Robyn Alders has joined the faculty of the Department of Environmental and Population Health at the Cummings School of Veterinary Medicine as an associate professor in the international veterinary medicine section. She was born and raised on a small beef and fat lamb property in New South Wales, Australia. Alders received a veterinary degree from the University of Sydney and a Ph.D. in veterinary immunology from the Australian National University. For the past 17 years, Alders has worked closely with smallholder farmers in Africa and Asia as a veterinarian, researcher and colleague. Since 2004, she has been involved with avian influenza preparedness in Ethiopia, Indonesia, Laos, Malawi, Mozambique, Tanzania, Thailand and Timor.
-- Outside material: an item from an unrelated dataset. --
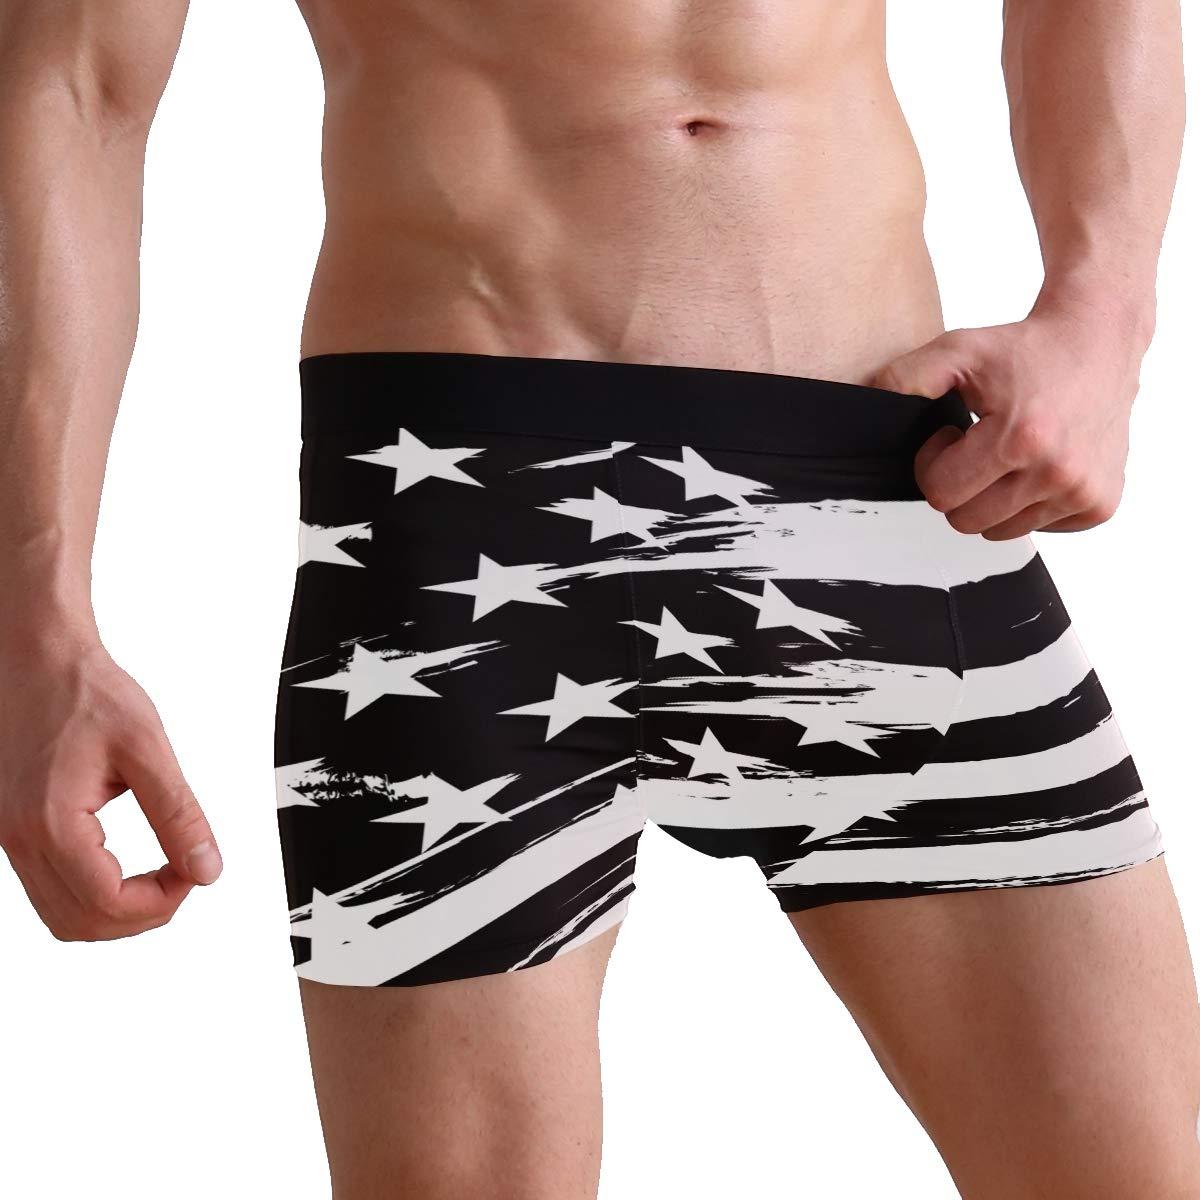 ZZKKO Retro American Flag Mens Boxer Briefs Underwear Breathable Stretch Boxer Trunk with Pouch S-XL

Naila Baloch is Tufts' new Muslim chaplain. She received her master's in theological studies in religion, politics and ethics from Harvard Divinity School. Her undergraduate degree is from Williams College in comparative religion and astrophysics. This past year, Baloch led one of the Tufts Chaplain's Tables on women in Islam. She has also given lectures on Islam at Boston College.
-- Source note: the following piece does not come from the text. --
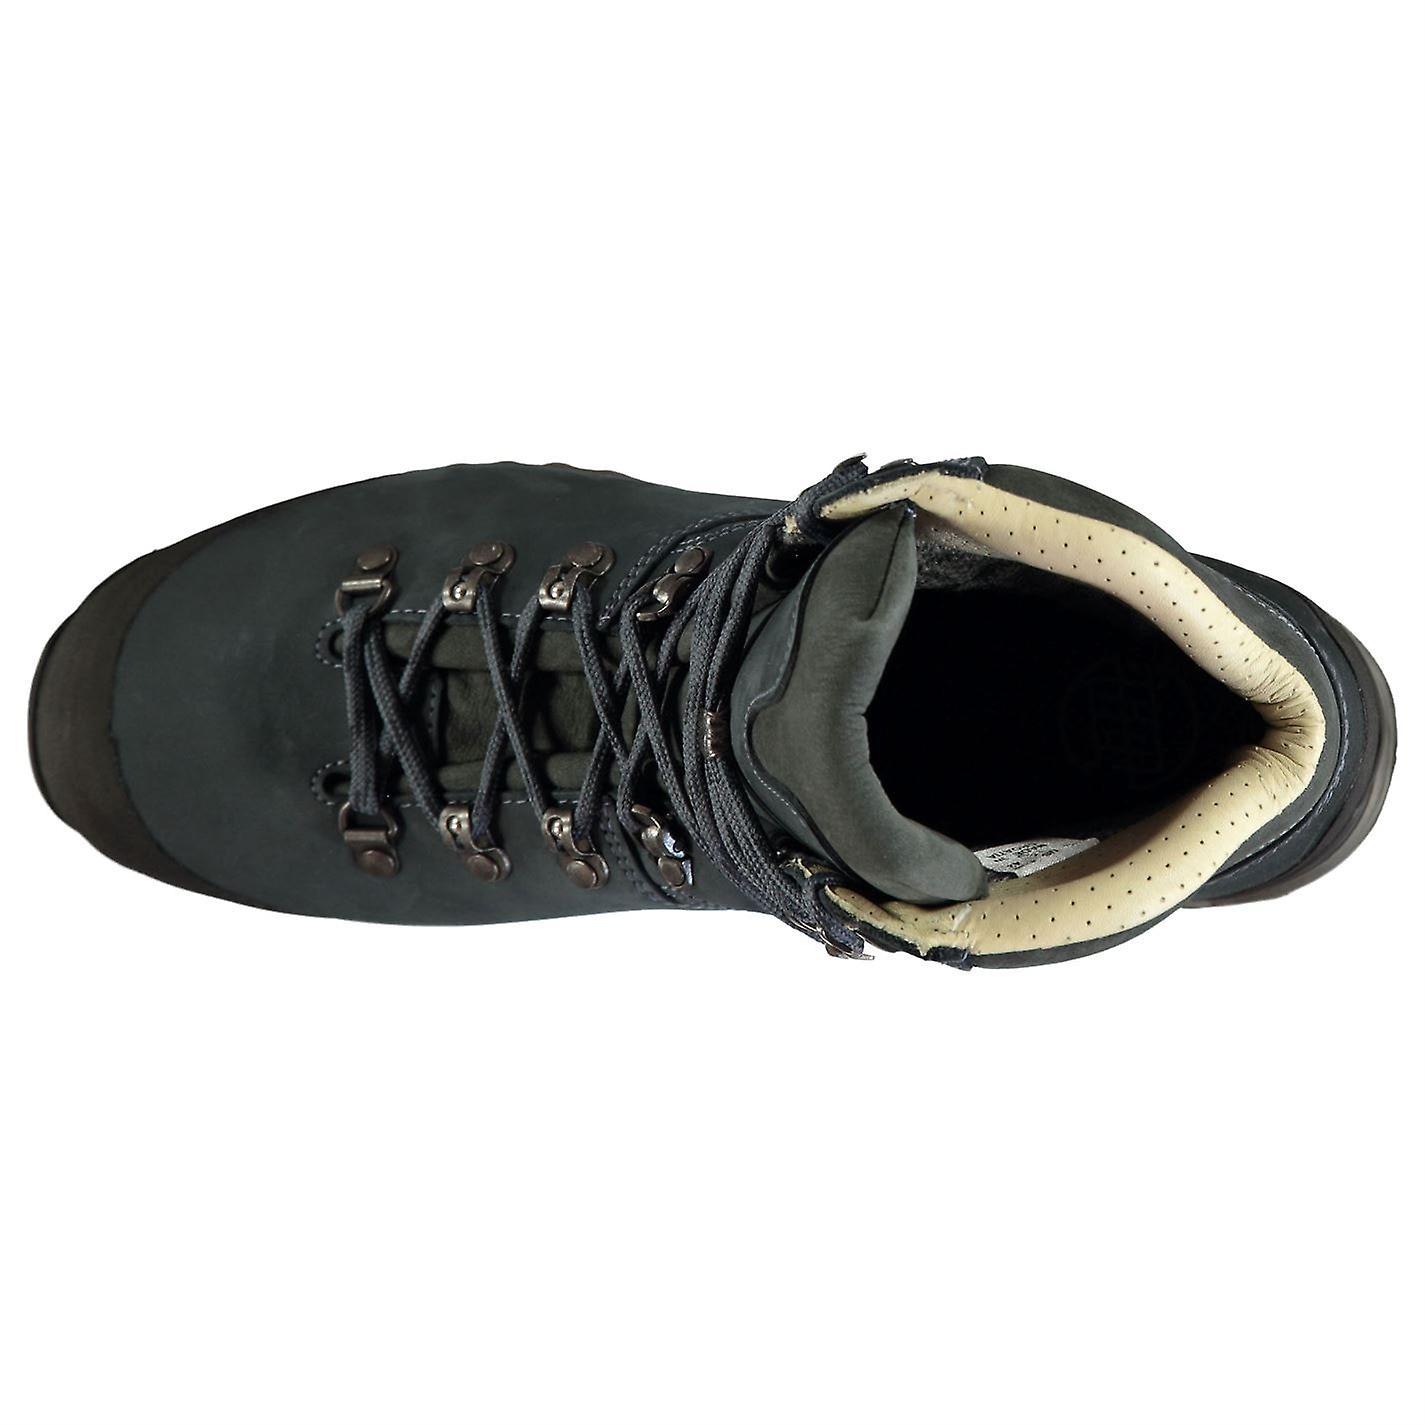 Hanwag Womens Tatra II GTX Ladies Walking Boots Shoes Sports GoreTex Full Lace Hiking

Joshua Butts is the new executive assistant to the dean of Arts and Sciences. Prior to joining Tufts, he was a fundraiser at the University of Chicago, where he managed reunion fundraising campaigns and worked with donors in both the Chicago and Washington, D.C., areas. He received his Ed.M., with a focus on higher education, from Harvard University in 2008, and received his B.A. in English and history in 2001 from Illinois Wesleyan University, where he is currently on the alumni executive board. Butts will manage a range of projects in the dean's office, including several faculty development programs, ad hoc task forces and communications initiatives, and will serve as a liaison to department chairs, program directors, faculty, staff and administrators within the School of Arts and Sciences.
Lynn Cooper, A02, is the new Catholic chaplain at Tufts. She's no stranger to the university: she graduated with a B.A. in comparative religion and English, and was a chaplaincy intern here in 2006-07 while working on her master's at Harvard Divinity School. She was also captain of the women's soccer team for the 2001-02 season.
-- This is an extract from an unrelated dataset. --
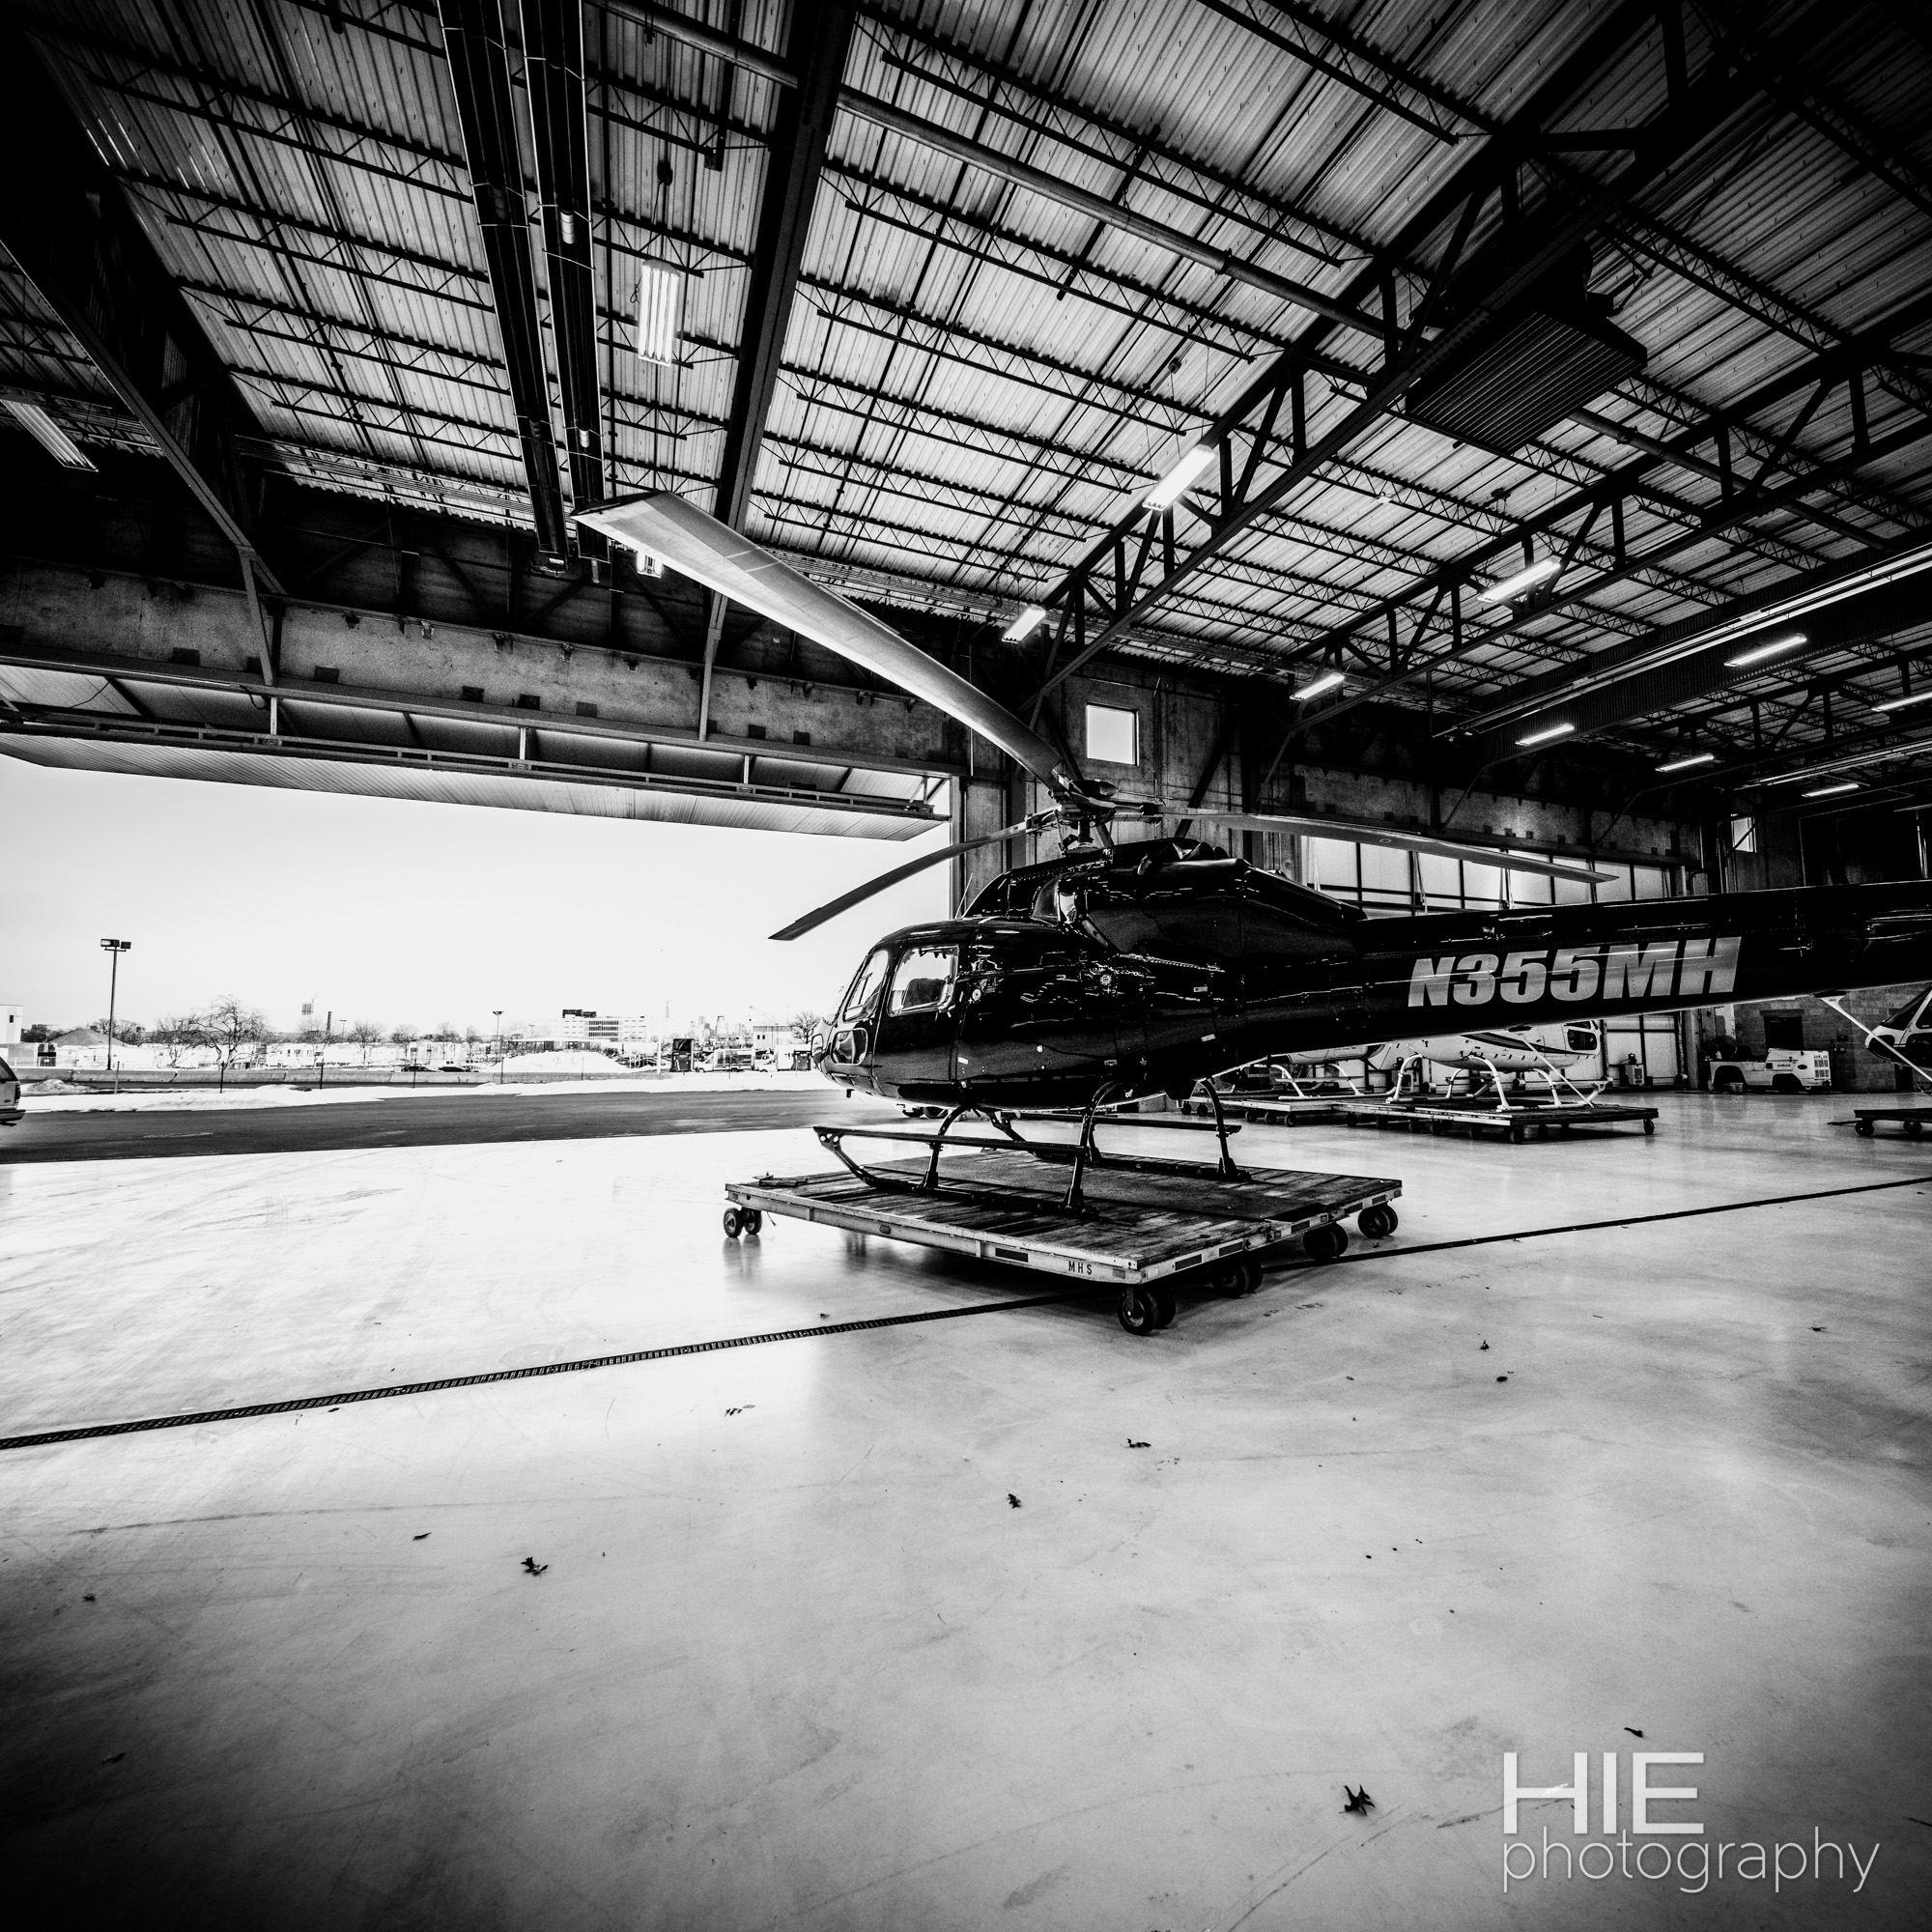 New York Helicopter Ride-1.jpg

Caleb Davis is the new assistant to Arts and Sciences Dean Robert Sternberg. Davis ran his own business in Boston and is also an artist, having collaborated for several years with his daughter, who teaches at the School of the Museum of Fine Arts in Boston. He earned a B.A. from Virginia Commonwealth University.
Anne Fishman joined Tufts in May as director of communications for the School of Arts and Sciences. In this new position, Fishman is responsible for creating communications strategies for publications, public relations and electronic media. With more than 20 years' experience in higher education, she has been director of communications at Mount Holyoke College and editorial director of publications at Northeastern University. As a member of senior leadership teams, she advised colleagues on the ways in which communications support institutional programs, policies and priorities. Most recently, she was principal of .edu Integrated Marketing, where she focused on developing and implementing integrated marketing communications plans.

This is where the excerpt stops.